§ WHAT YOU ARE ASKED TO DO:
Give back an exact copy of the entries beneath, minus the pictures.

(Extracted data entries)
·····
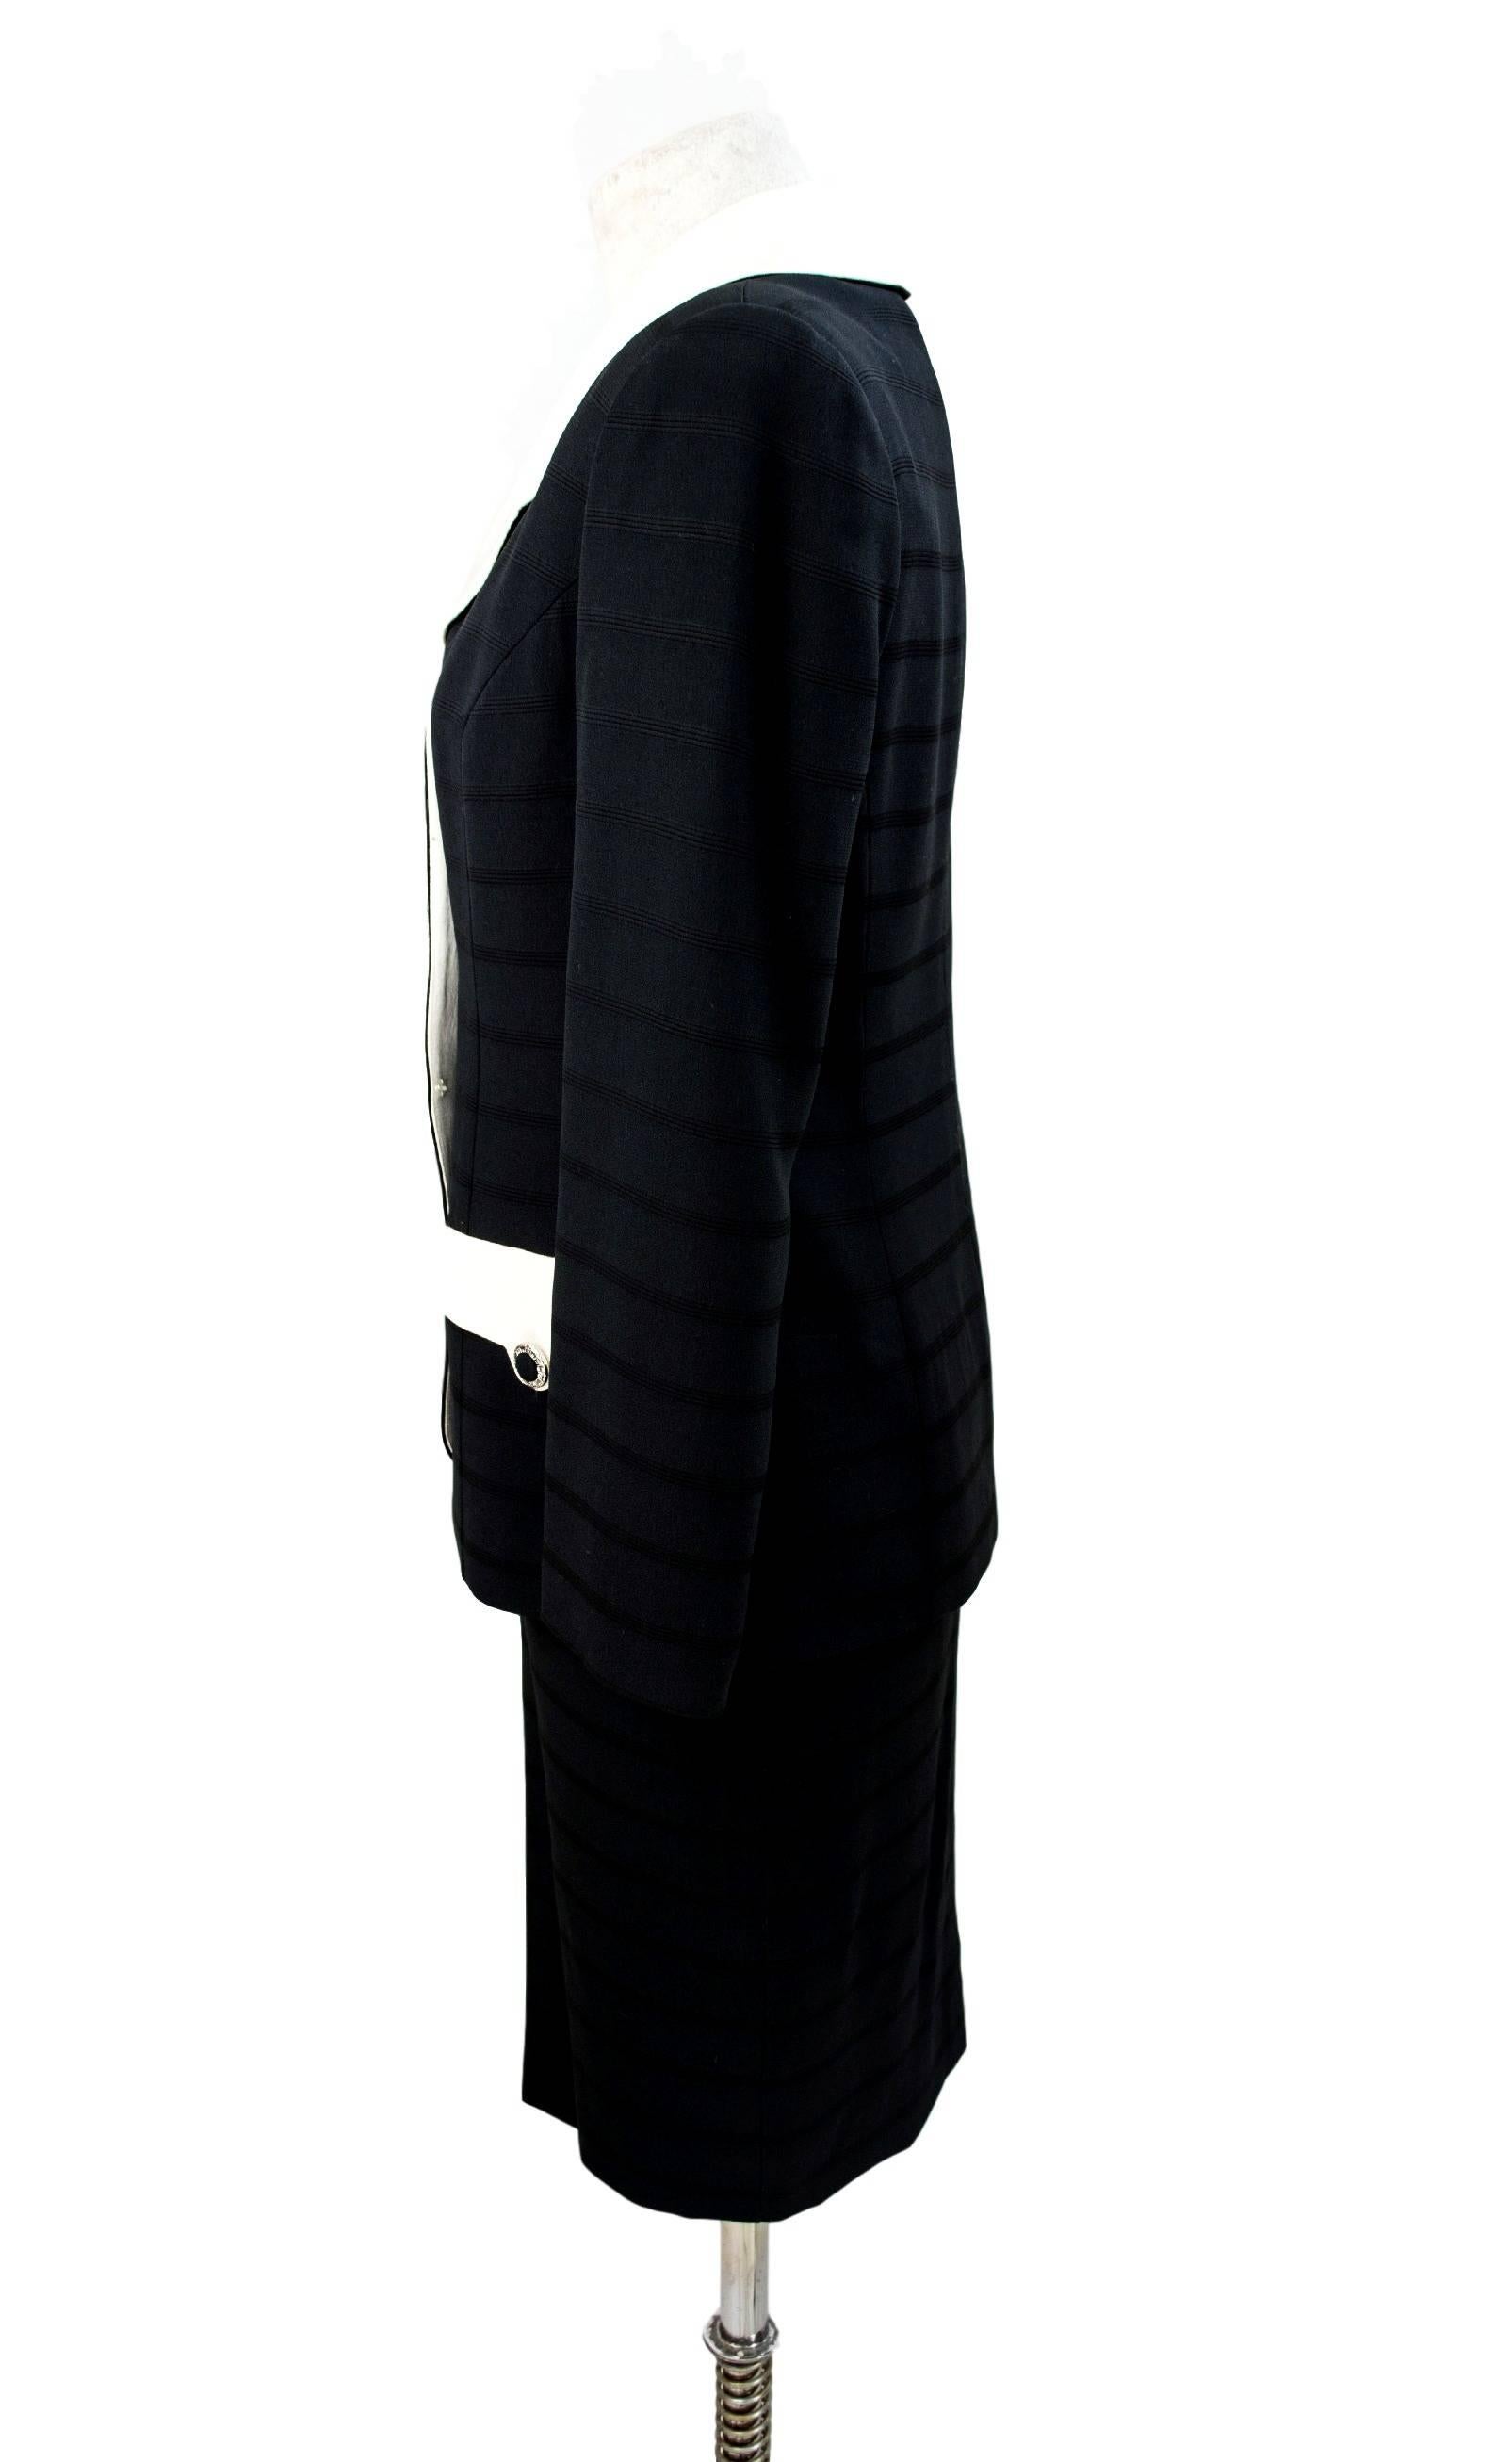 Egon Von Furstenberg set dress jacket and skirt black ribbed, the jacket has a collar and white-colored pockets, the jacket is closed with decorative buttons. Excellent condition.

Size: 44 (IT) =  38 (NL/DE)

Measures jacket:
Shoulders: 44
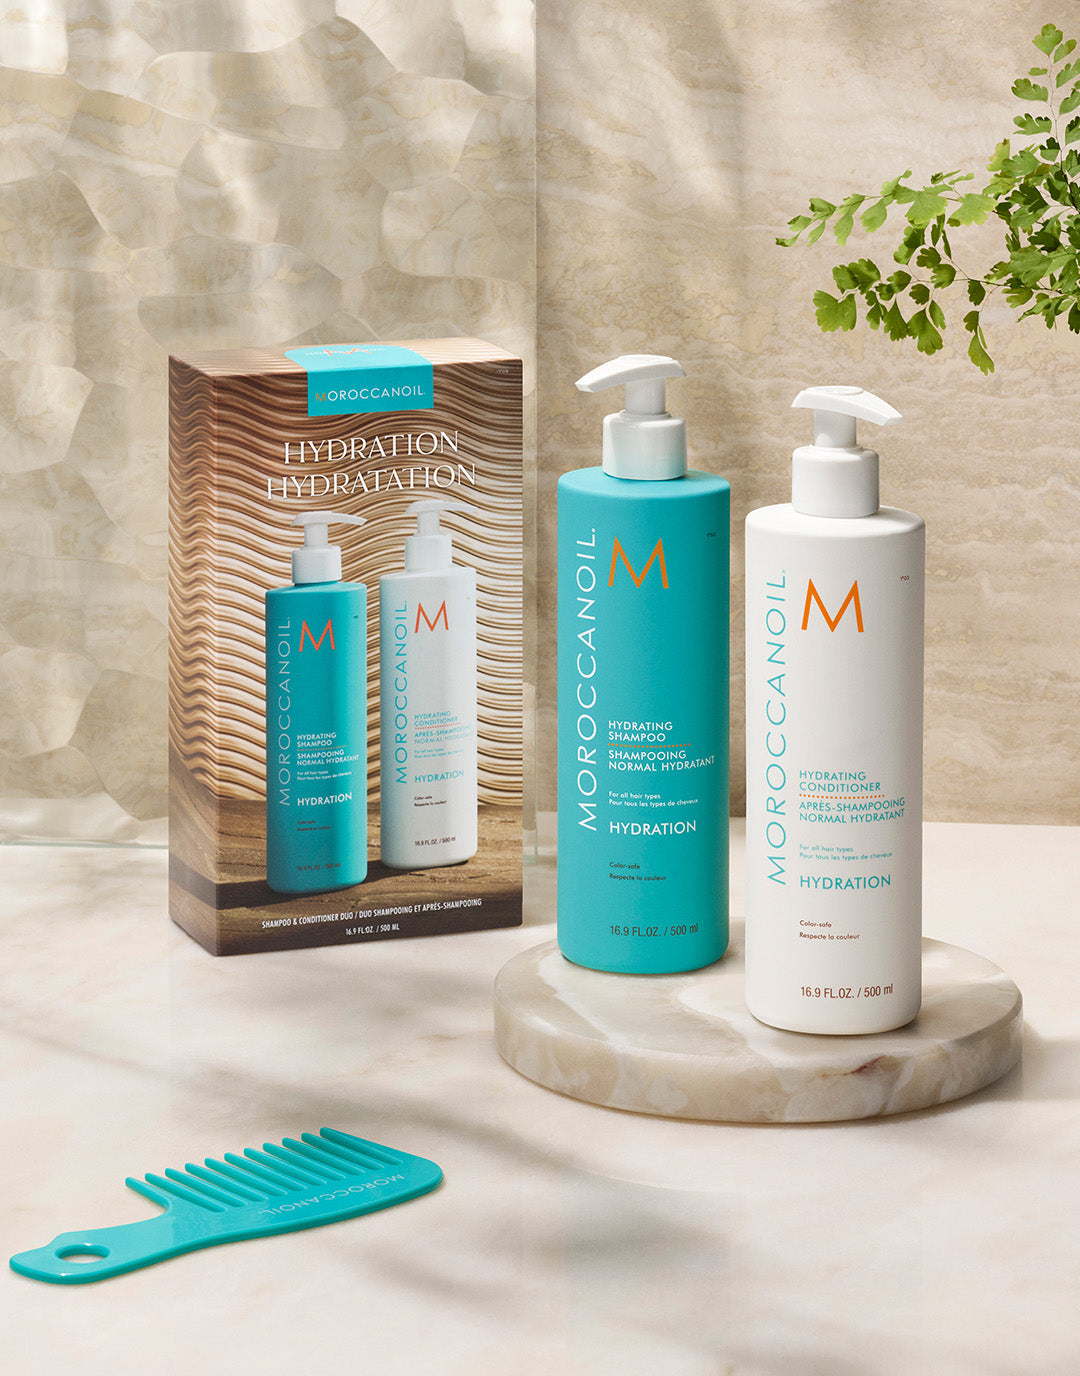 Moroccanoil Hydrating Shampoo and Conditioner Bundle
·····
§ OUTPUT BELOW:
 Egon Von Furstenberg set dress jacket and skirt black ribbed, the jacket has a collar and white-colored pockets, the jacket is closed with decorative buttons. Excellent condition.

Size: 44 (IT) =  38 (NL/DE)

Measures jacket:
Shoulders: 44
 Moroccanoil Hydrating Shampoo and Conditioner Bundle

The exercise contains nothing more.